I told Tom about a recent visit to Taiwan and how impressed I was both with the strong economic growth of the island and with the very apparent and frightening strain on the quality of its natural environment. As we talked it occurred to both of us that this island was an ideal place to apply the concepts of bioregional development. With an area of roughly 36,000 square kilometres, only limited environmental influences from neighbouring countries, and an exceptionally varied and beautiful nature, Taiwan could provide a unique model of a comprehensive, well-managed bioregion.

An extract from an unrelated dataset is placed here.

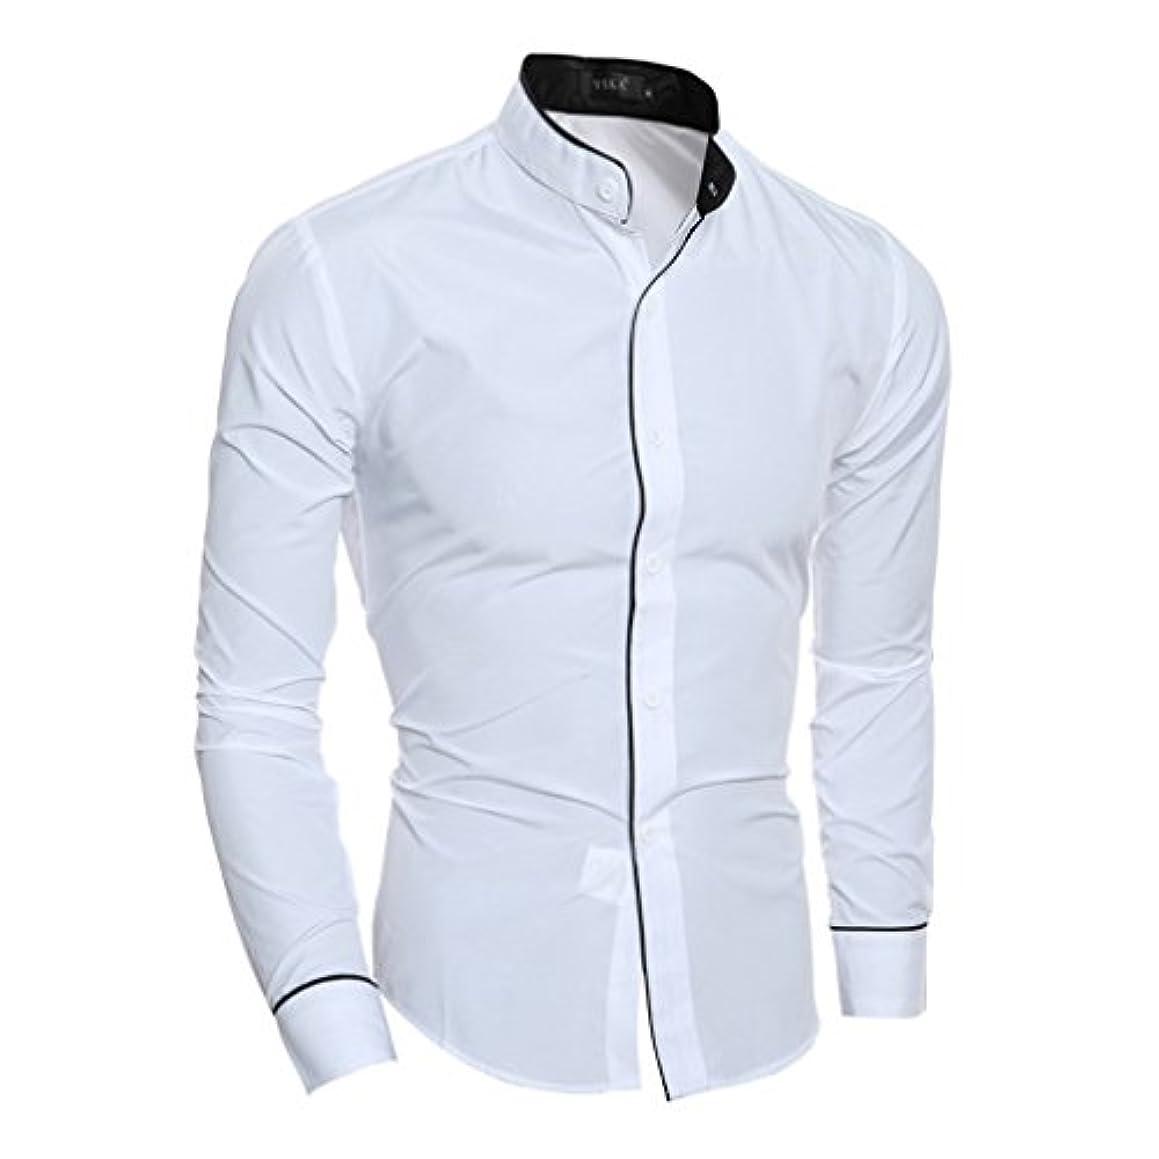 広大なみなすドラッグHonghu メンズ シャツ 長袖 縁取り カジュアル立て衿 スタントカラ スリム ホワイト M 1PC

A study of scenarios for the future development of the economic and ecological systems of Taiwan could be beneficial not only for the island’s people but as a model for nations around the world. It could contribute to a greater awareness of the criticality of the current phase in our planet’s evolution and of the special responsibility of humankind for this phase. It seemed to us, moreover, that the thousands of years of Chinese tradition of respect for nature could provide the right cultural setting for such a project.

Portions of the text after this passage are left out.